Your problem should be pretty easy to model using Java Executors and Future<> tasks, but a similar framework is perhaps availabe on your chosen platform as well?
Also, if I understand this correctly, you want to generate a critical path for a large set of interdependent calculations -- is that something done dynamically, or do you "just" need a static analysis?
Regarding an algorithmic solution; pick up the closest copy of your numerical analysis textbook and refresh your memory on singular value decompositions and LU factorization; I'm guessing from the top off my head that this is what lies behind the tool you linked to.
EDIT: Since you're using Java, I'll give a brief outline of a suggestion proposal:
-> Use a threadpool executor to parallellize all calculations easily
-> Solve interdependencies with an object map of Future<> or FutureTask<>:s, i.e. if you variables are A, B and C, where A = B + C, do something like this:
static final Map<String, FutureTask<Integer>> mapping = ...
static final ThreadPoolExecutor threadpool = ...

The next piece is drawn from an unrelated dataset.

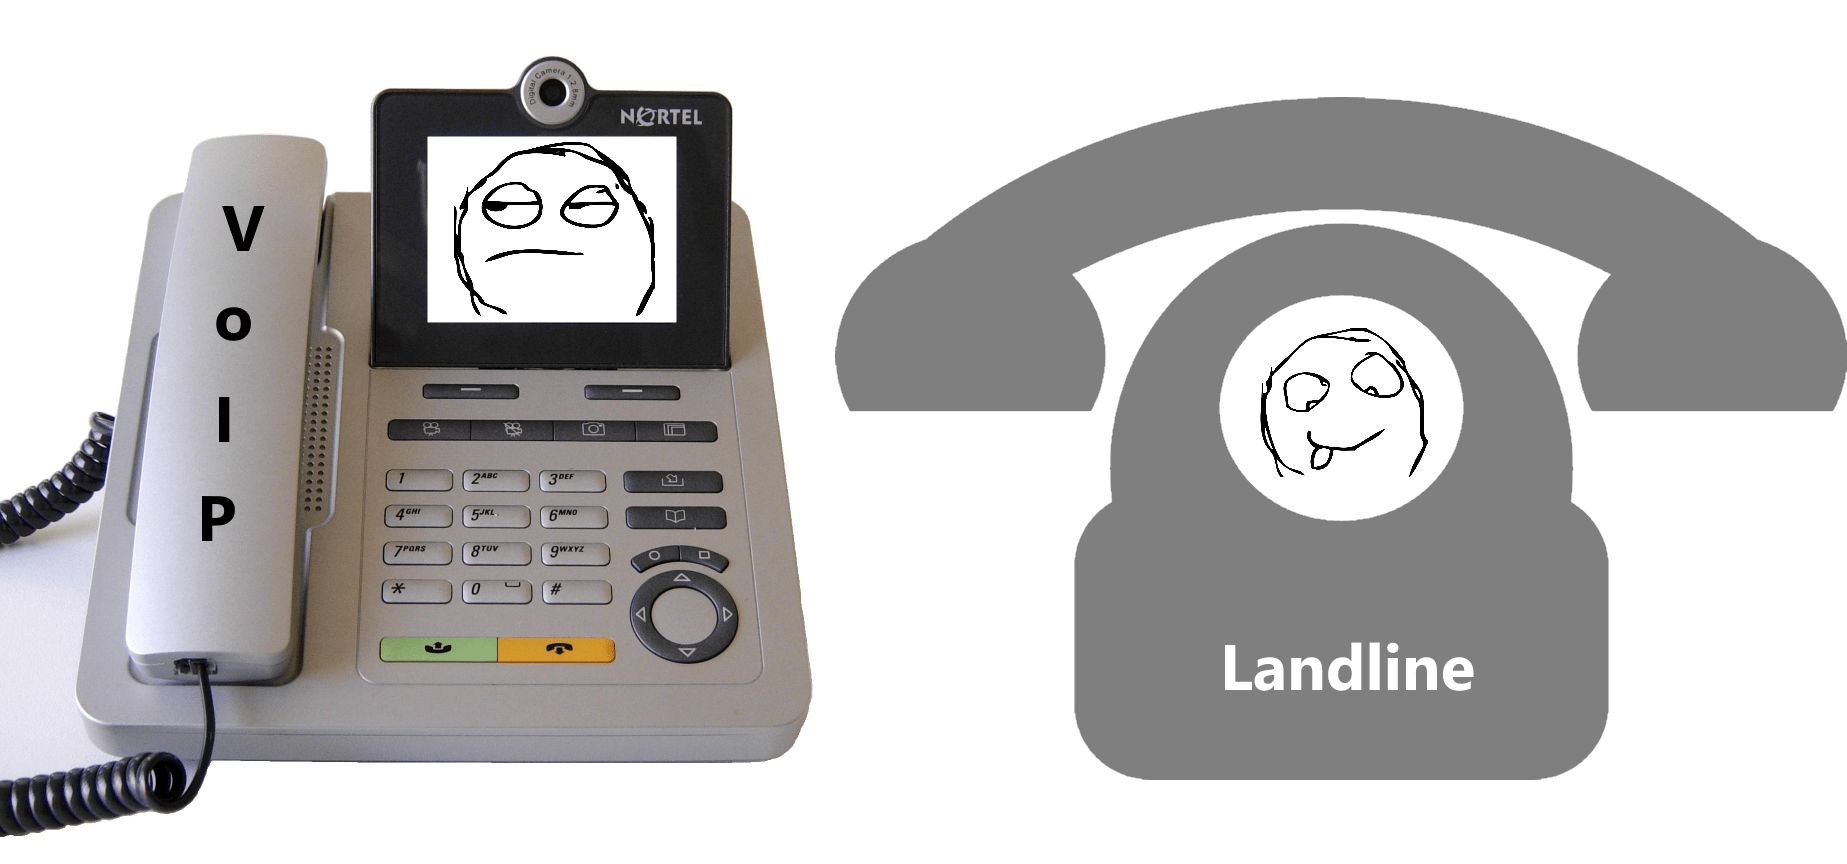 Home Security System Landline vs VoIP
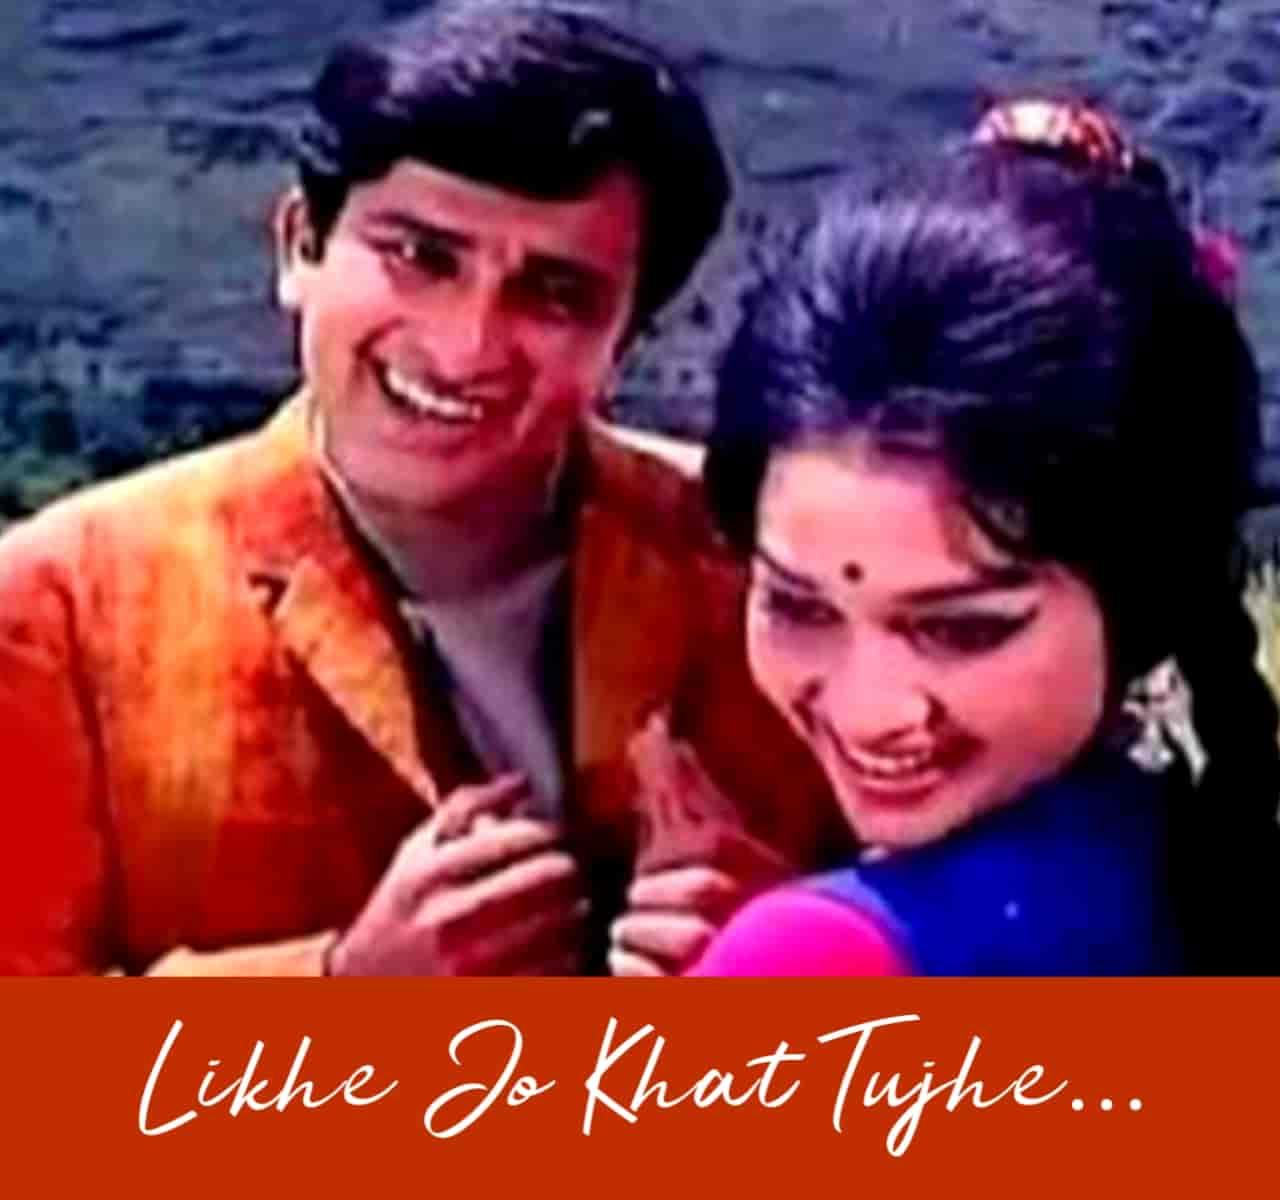 Likhe Jo khat Tujhe Hindi Love Song Lyrics, Sung By Mohammad Rafi.jpg

FutureTask<Integer> a = new FutureTask<Integer>(new Callable<Integer>() {
public Integer call() {
Integer b = mapping.get("B").get();
Integer c = mapping.get("C").get();
return b + c;
}
}
);
FutureTask<Integer> b = new FutureTask<Integer>(...);
FutureTask<Integer> c = new FutureTask<Integer>(...);
map.put("A", a);
map.put("B", a);
map.put("C", a);
for ( FutureTask<Integer> task : map.values() )
threadpool.execute(task);
Now, if I'm not totally off (and I may very well be, it was a while since I worked in Java), you should be able to solve the apparent deadlock problem by tuning the thread pool size, or use a growing thread pool. (You still have to make sure that there are no interdependent tasks though, such as if A = B + C, and B = A + 1...)
If the black-box is linear you can discover all the coefficients by simply concatenating many vectors of input and many vectors of output.
you have input x[i] and output y[i], then you create a matrix Y whose columns are y[0], y[1], ... y[n], and a matrix X whose columns are x[0], x[1], ..., x[n]. There will be a transformation Y = T * X, then you may determine T = Y * inverse(X).
But since you said it is complex I bet it is not linear. Then if you still want a general framework you can use this a factor-graph
https://ieeexplore.ieee.org/document/910572
I would be curious if you can do this.
What I think is easier is to understand the code and rewrite it using the best practices.